Information supplied:
»»

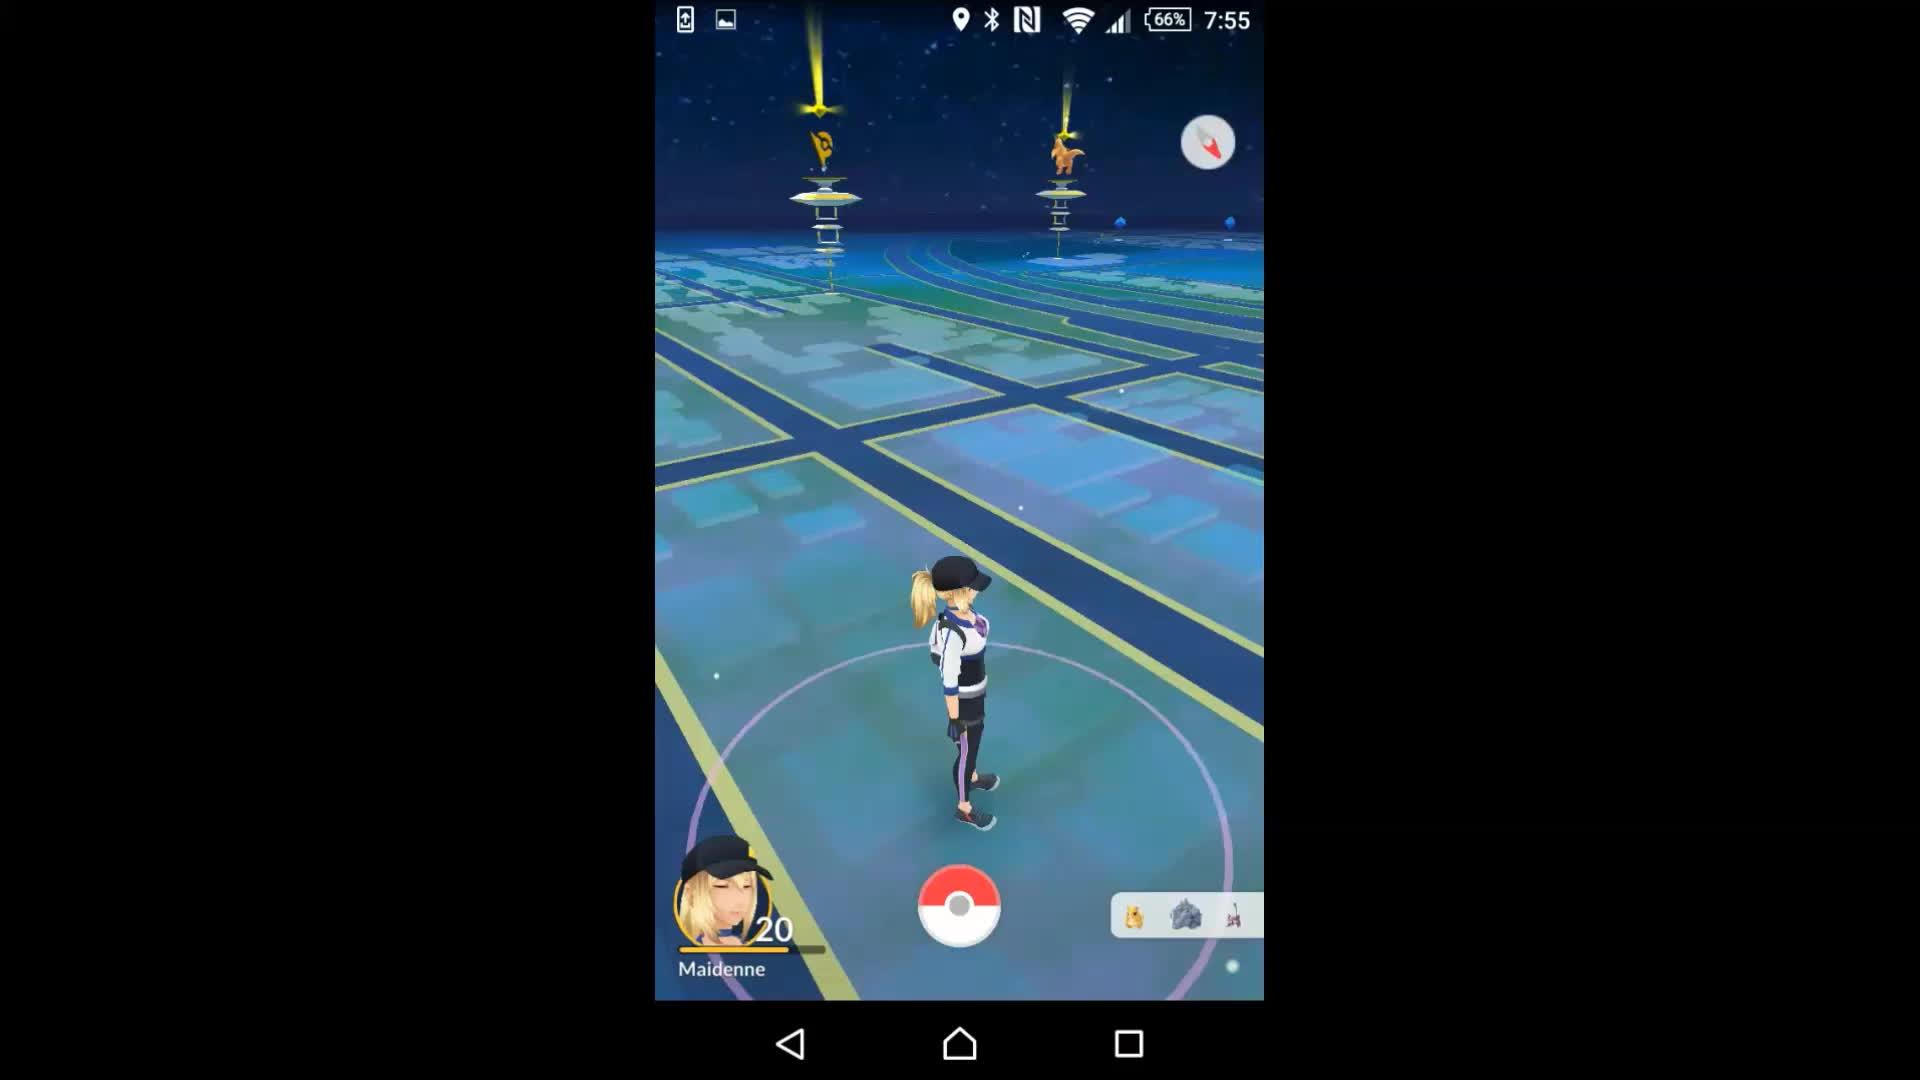 [PokemonGO] 4/6 Instinct Gyms GIFs
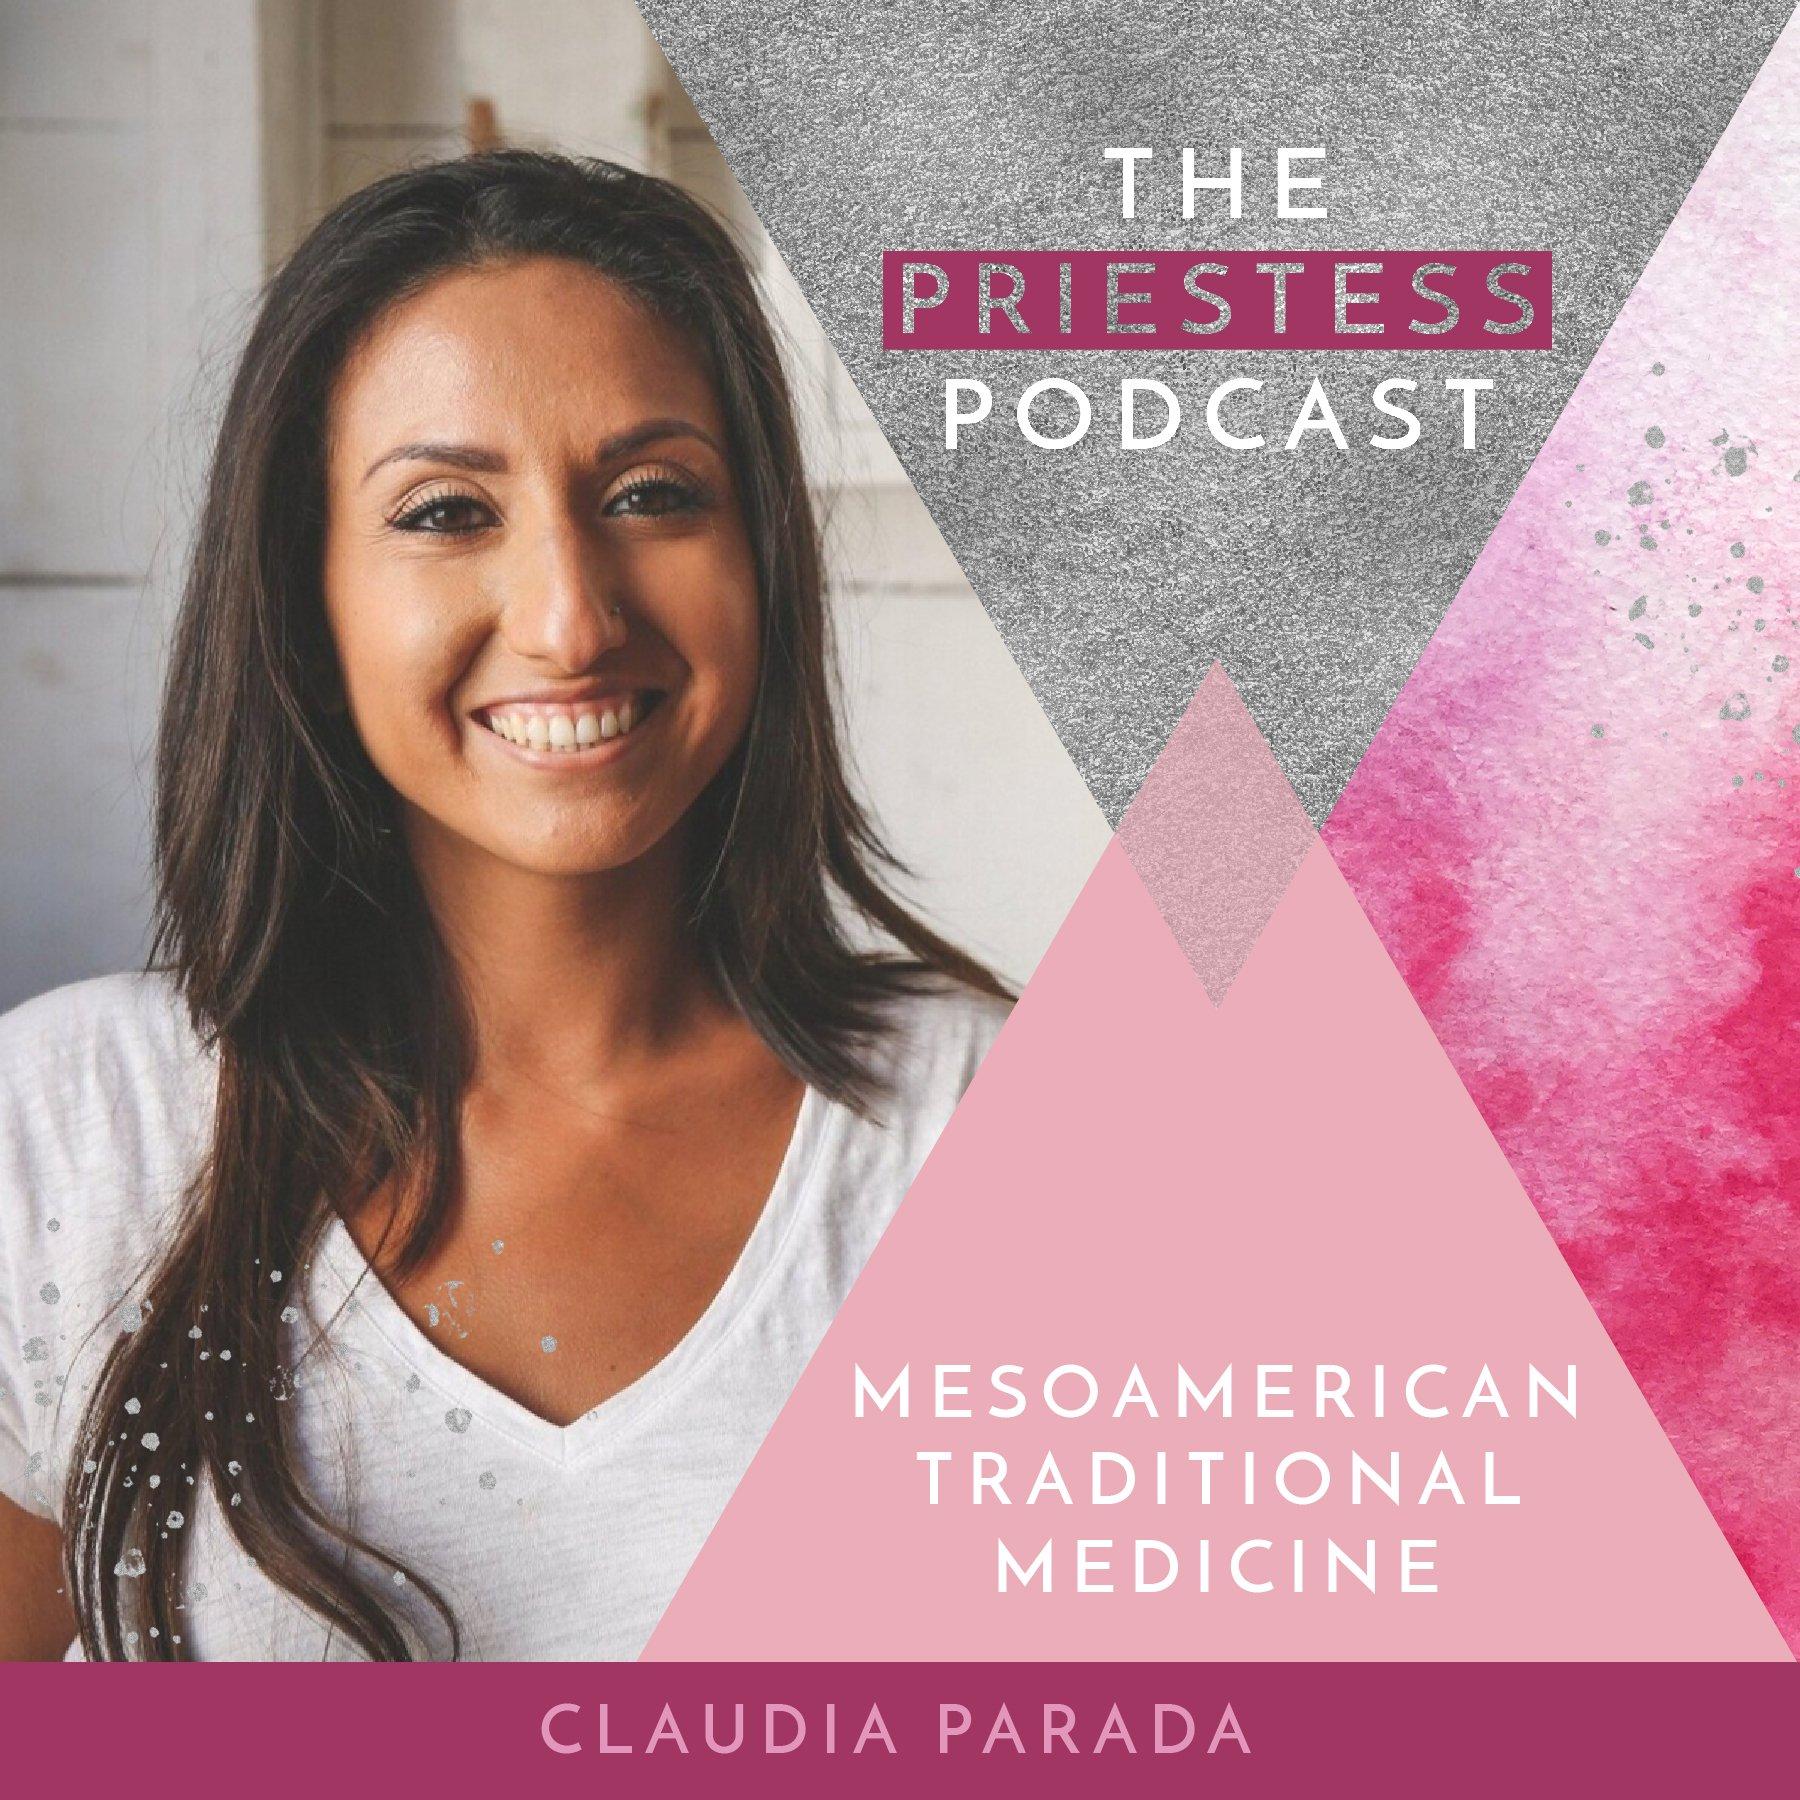 Claudia Parada on Mesoamerican Traditional Medicine
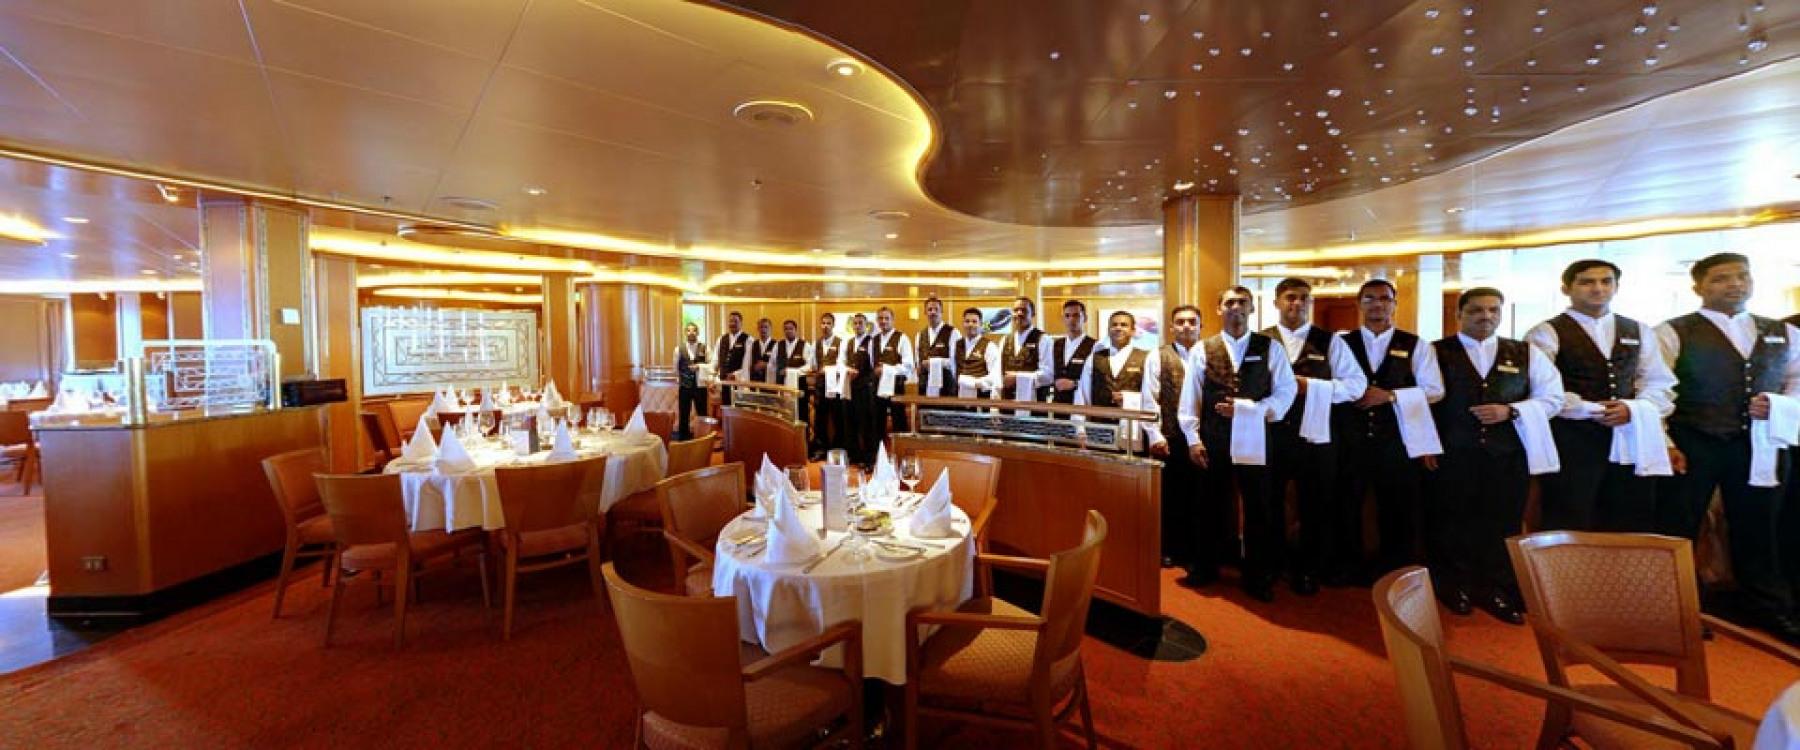 P&O Cruises Ventura Interior Saffron.jpg

««

What the exercise asks:
Going from the line holding "Claudia Parada on" to the last line of the data above, reproduce every line exactly, both included, with the pictures omitted.

Written reply:
 Claudia Parada on Mesoamerican Traditional Medicine
 P&O Cruises Ventura Interior Saffron.jpg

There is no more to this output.